A significant recent paper on ruminal metagenomics explored feed efficiency in dairy cows [46]. Methane emissions were also measured ex vivo, while metagenomes were studied from deep sequencing [46]. Species diversity was lower in the more efficient animals, as was gene diversity (Fig. 1). Moreover, methane emissions were also significantly lower in the efficient animals, as was found previously in cattle [47]. Ruminal digesta contained more propionate, butyrate and isovalerate in efficient animals. Most striking of all, metabolic pathway analysis showed that genes of the non-randomizing acrylate pathway of propionate production were much more prevalent in the efficient cattle. The acrylate pathway is found principally in the distinctive, large Gram-negative coccus, Megasphaera elsdenii, which has been identified with a stabilising effect on ruminal fermentation because of its rapid conversion of lactate to propionate and butyrate [48, 49]; M. elsdenii also produces isovalerate and valerate as end-products of its amino acid-fermenting ability [50, 51]. rRNA gene amplicon analysis showed that M. elsdenii abundance was much greater in efficient animals, corresponding to the acrylate gene abundance. In the study by Wallace et al. [44] in beef cattle, although not reported in the paper itself, the abundance of M. elsdenii was 13-fold higher in the low-methane steers, thus entirely consistent with the results of Shabat et al. [46]. M. elsdenii has been trialled with some success as a probiotic for ruminants on the grounds of its pH-stabilizing properties [52, 53]. Thus, thanks to these studies, a picture is emerging whereby it can be seen that differences in the abundance of H2-producing bacteria, non-H2-producing bacteria and H2 utilisers, together with the abundance of pH-stabilizing bacteria, affect the quantity of methane that a ruminant animal produces and its feed efficiency.

Fig. 1
figure 1

Community parameters of efficient and inefficient cows’ microbiomes (from Shabat et al. [46]). a, b Microbiome richness with counts calculated and expressed as simple richness: a Species (based on 16S rRNA amplicon sequencing) and b genes (based on metagenomics sequencing). Kernel density of the efficient and inefficient histograms emphasizes the different distribution of counts in each microbiome group. P values of the difference in richness between efficient and inefficient cows are shown

The Hungate 1000 project and Global Rumen Census

Thus far, combined understanding of function and phylogenetic identity in metagenomics data has been limited by the relatively few completed rumen bacterial genomes and in turn by the number of annotated genes and protein sequences of ruminal species. This issue is being addressed by the Hungate 1000 project (www.hungate1000.org.nz). The project title refers to the pioneering work in culturing strictly anaerobic ruminal bacteria carried out by Robert E. Hungate [54]. The aim of the project is to produce a reference set of 1000 rumen microbial genome sequences from cultivated rumen bacteria and methanogenic archaea, together with representative cultures of rumen anaerobic fungi and ciliate protozoa. The project is funded by the New Zealand Government in support of the Livestock Research Group of the Global Research Alliance on Agricultural Greenhouse Gases. The sequencing effort obtained support from the US Department of Energy Joint Genome Institute Community Sequencing Program, and the overall project is a global collaboration between members of the Rumen Microbial Genomics Network, established to accelerate knowledge development and mitigation solutions in the rumen microbial genomics research area. The reference genome information gathered will be used to facilitate genome-enabled research aimed at understanding rumen function in order to find a balance between food production and GHG emissions, and to support international efforts to develop methane mitigation and rumen adaptation technologies. Once the Hungate 1000 project is completed, genes discovered from deep metagenome sequencing will be able to be pinned with much greater certainty to known species.

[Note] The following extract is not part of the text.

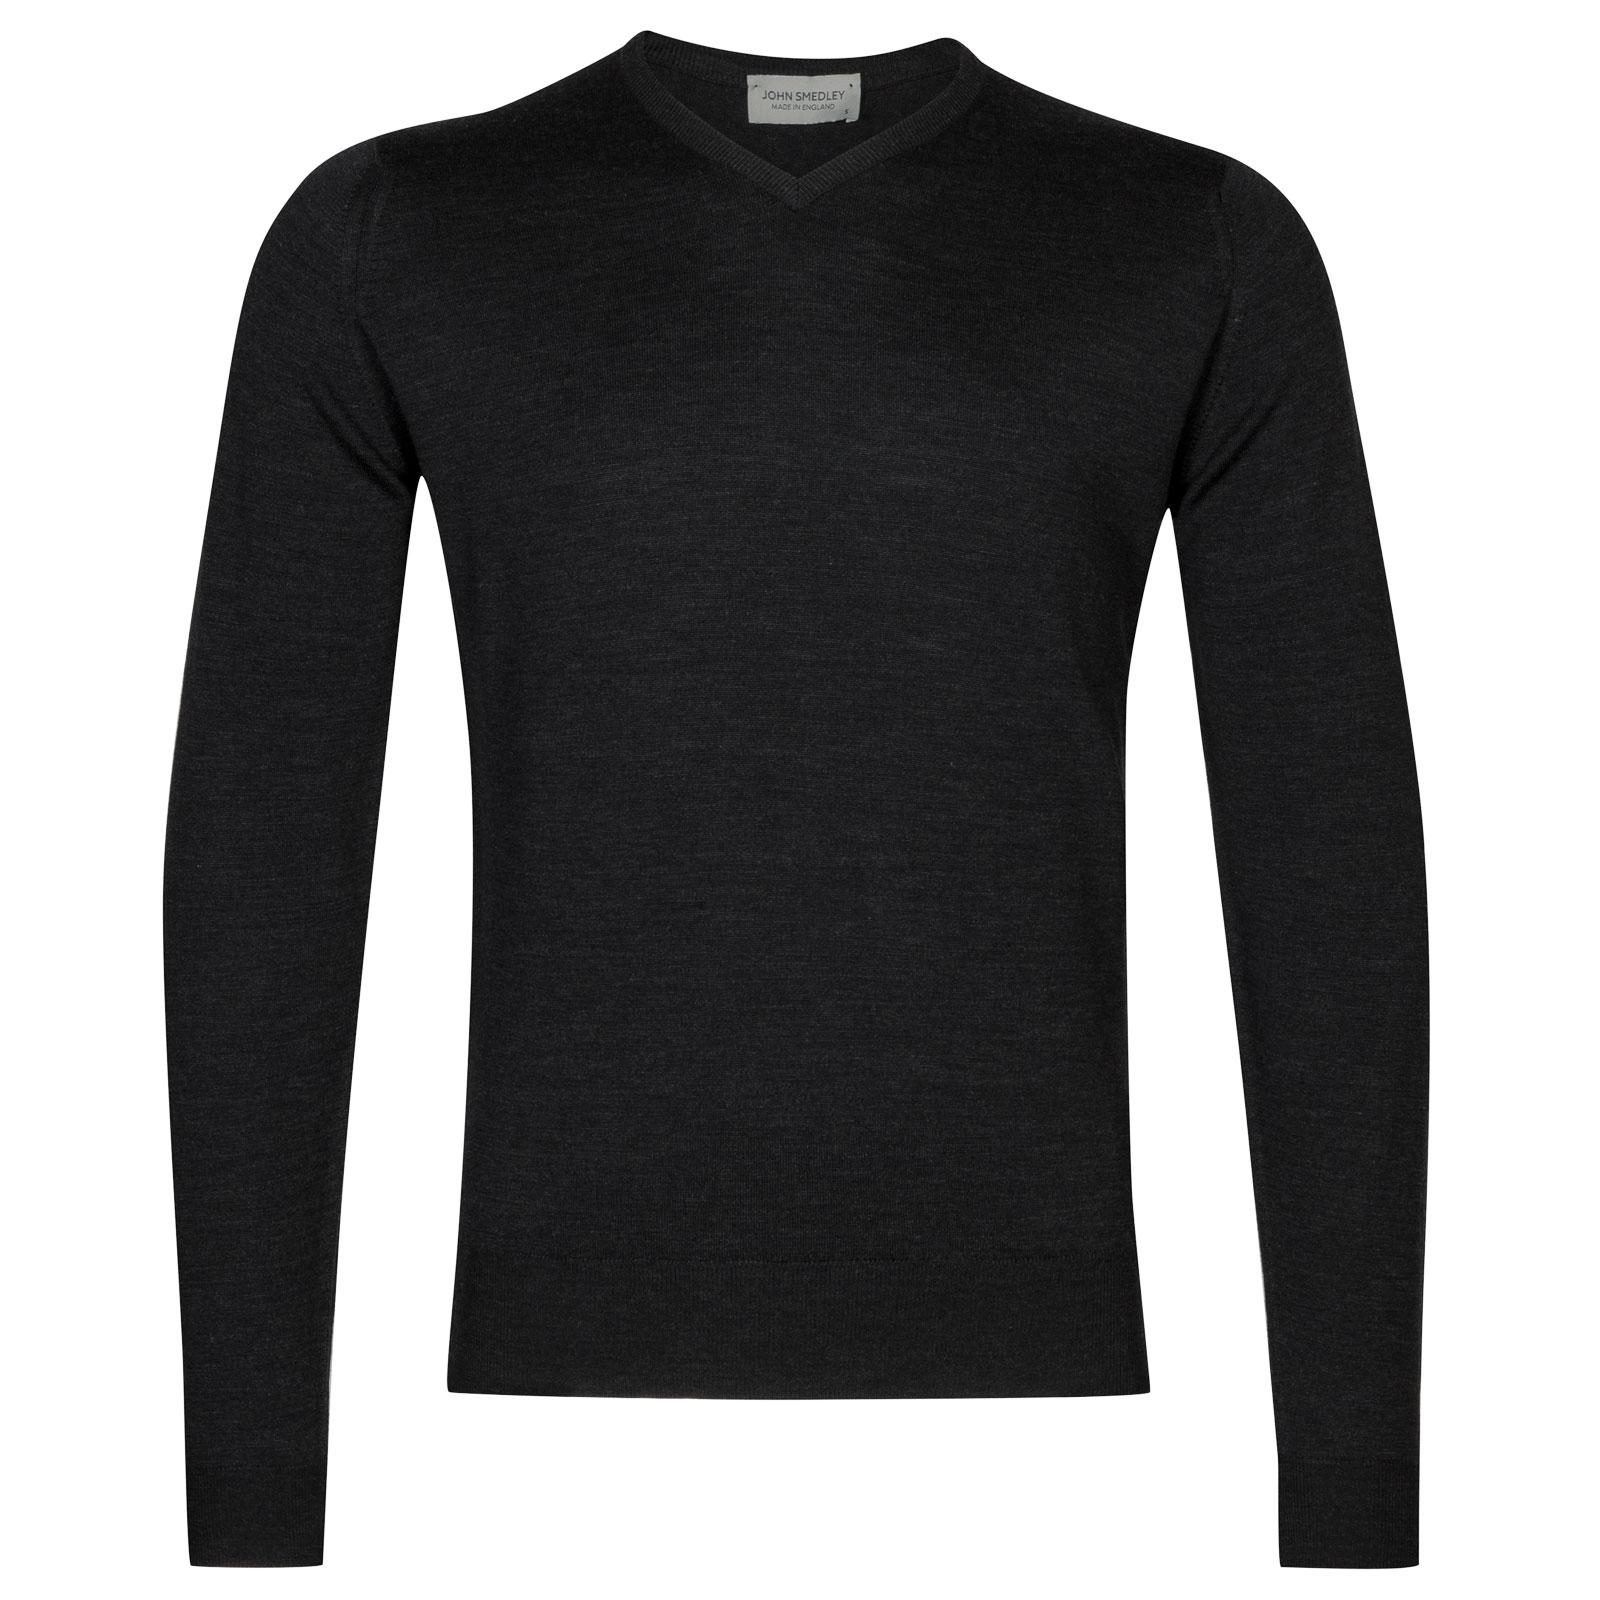 John Smedley Genoa Merino Wool Pullover in Hepburn Smoke-XL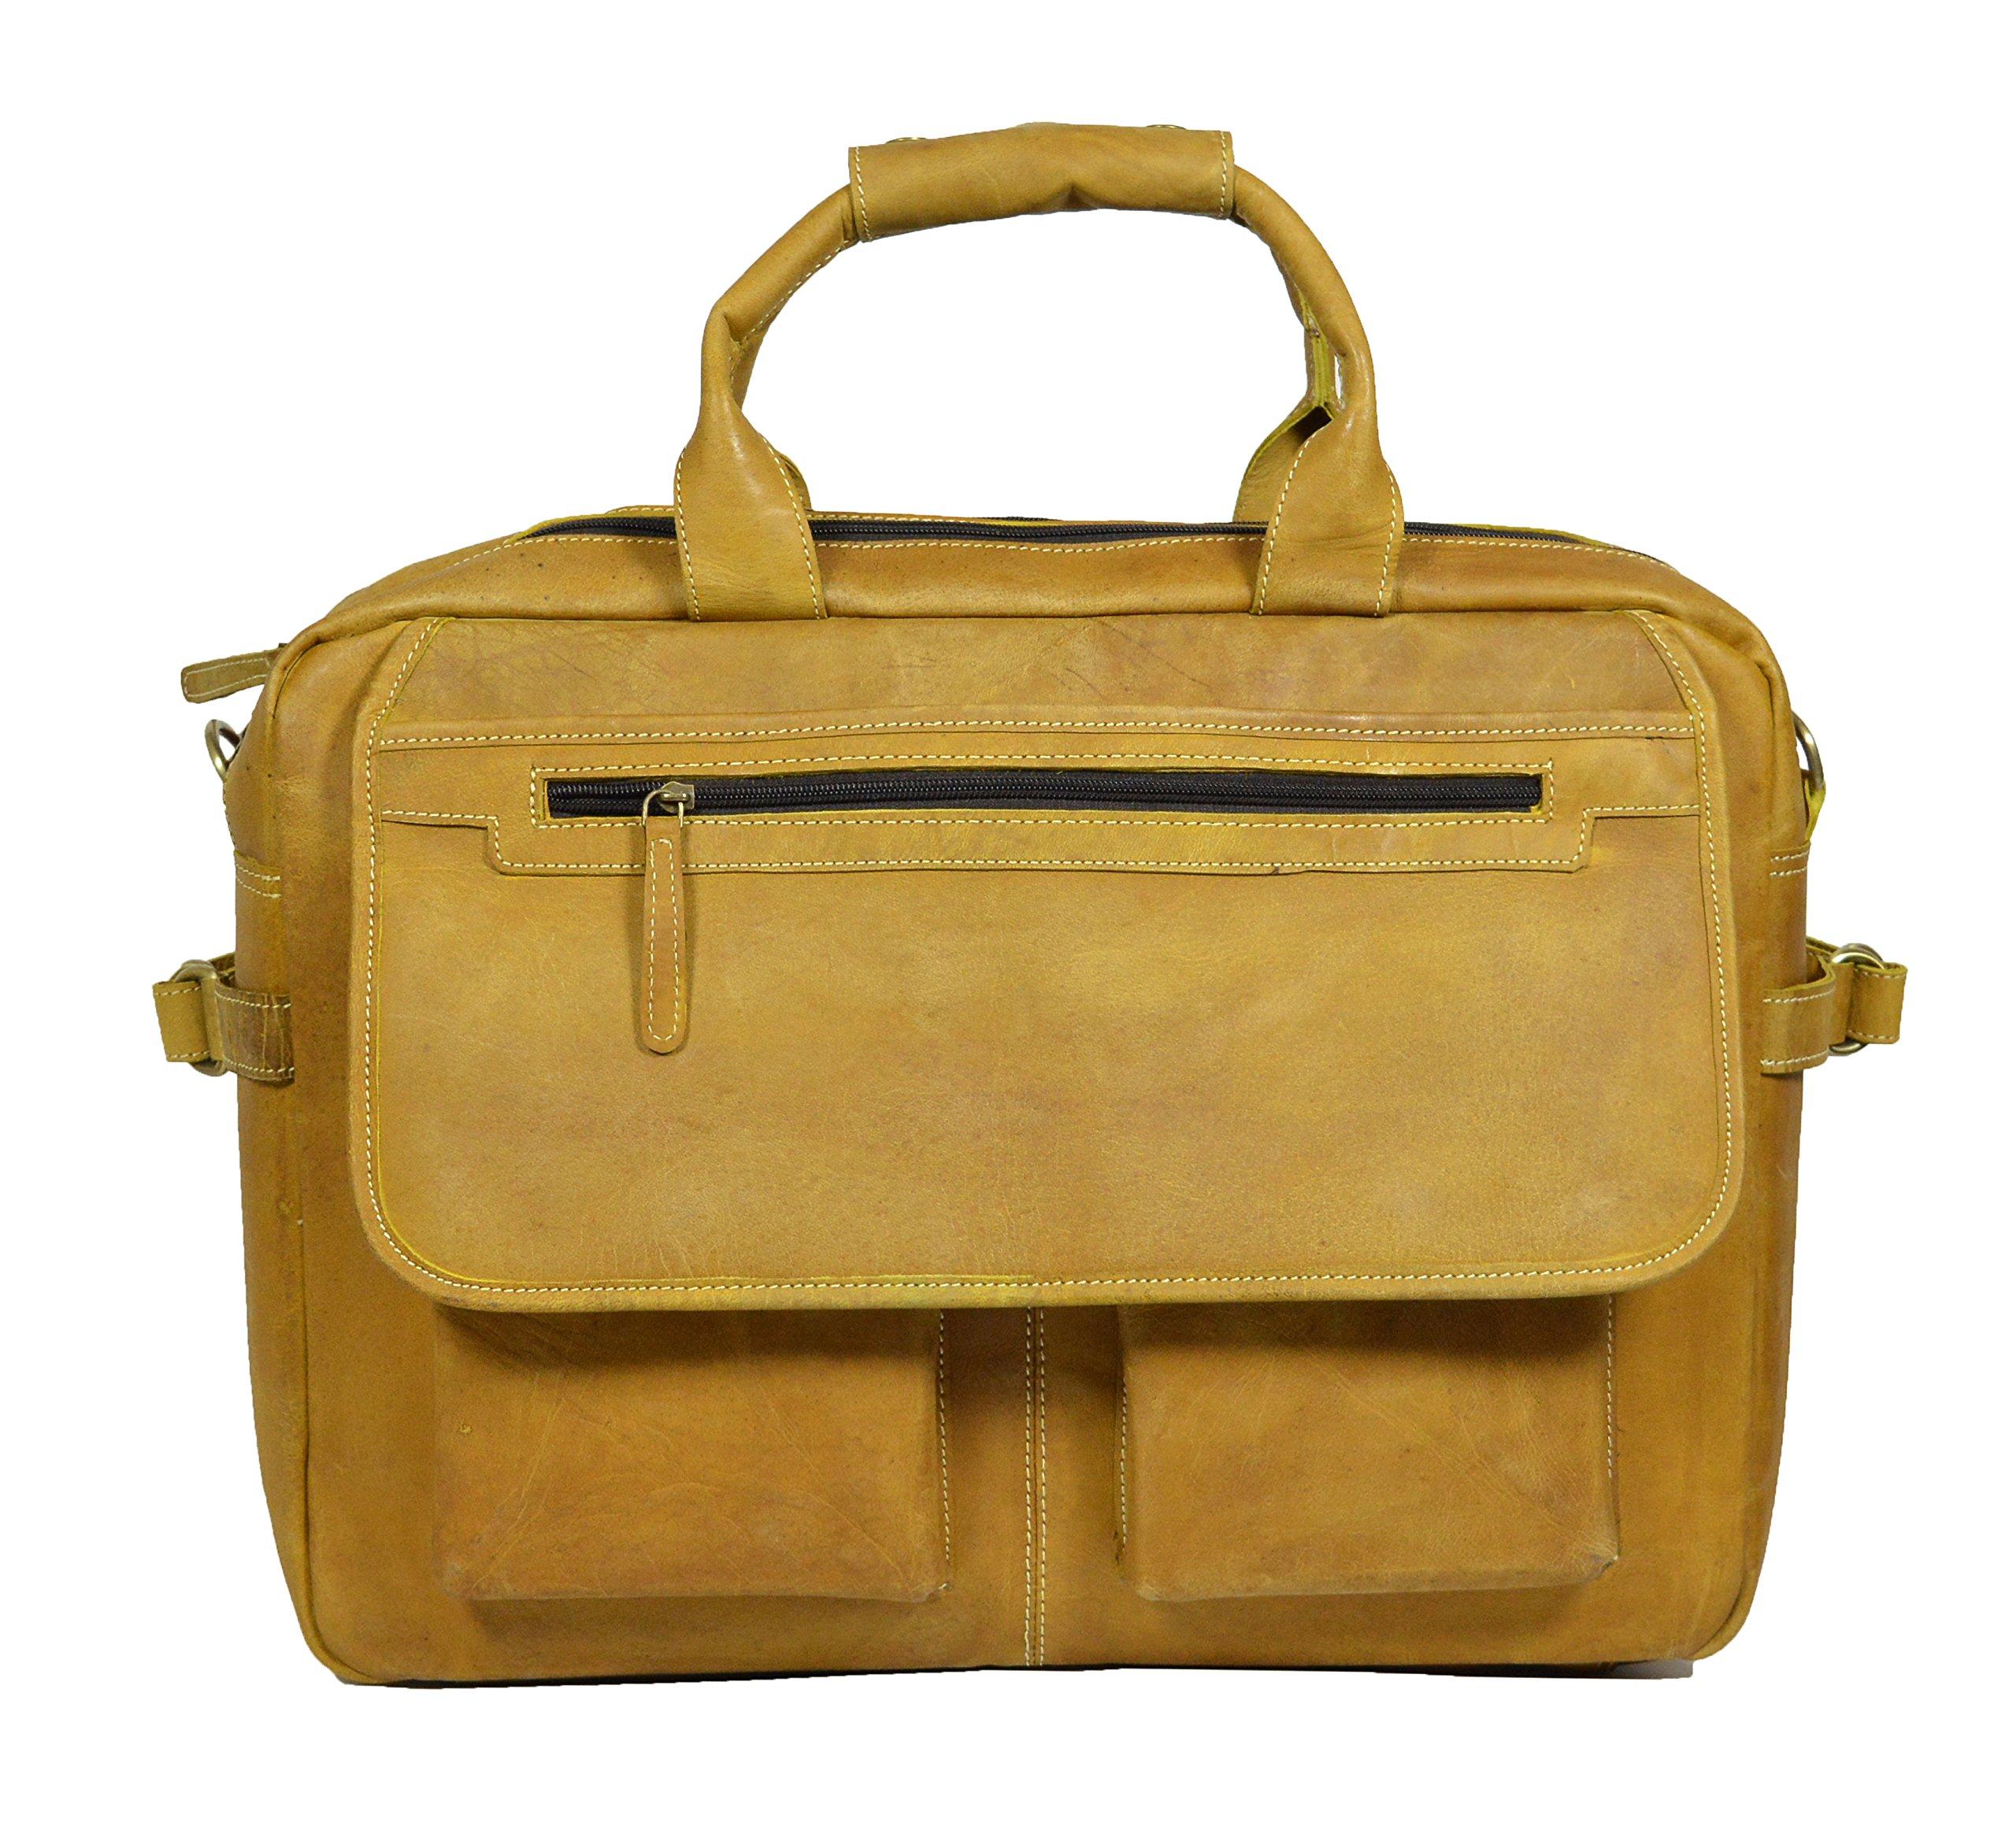 ADIMANI Vintage Crazy Horse Hunter Leather Laptop Briefcase Bag Notebook Case Travel Messenger Bag 18x13 inches

The most extensive exploration of the ruminal microbiome that was recently published was the Global Rumen Census, an international effort that analysed the microbial community in 742 samples from 32 animal species from 35 countries [55]. The results revealed a common core microbiome in all samples, and prompted the conclusion that significant new taxonomic groups were unlikely to be discovered. The authors also commented on likely functional redundancy, with different taxa performing essentially the same function using related genes, a topic that has also been reviewed recently [56]. Indeed future understanding of rumen function, and its relationship with the host genome, is likely to be expanded most significantly by exploring and linking gene networks [45]. An important overall conclusion of the Global Rumen Census was that diet, rather than genetics or geographical location, had the greatest influence on the ruminal microbiome.

Metatranscriptomic analysis

Similar to metagenomics, metatranscriptomics was used first as a tool for gene mining by Qi et al. [57], again with the principal objective of identifying novel lignocellulolytic and glycosyl hydrolase genes in the muskoxen rumen, with the interesting hypothesis that new genes, particularly from the eukaryotic community, might be found. The investigation was highly successful, achieving an 8.7× higher rate of total carbohydrate active enzyme discovery than that found in previous metagenomics analyses. The metatranscriptomic approach offers the unique possibility to restrict the analysis only to transcribed genes, thus removing the often very high noise of non-transcribed portions of the genome, which are by contrast always present in metagenomic experiments.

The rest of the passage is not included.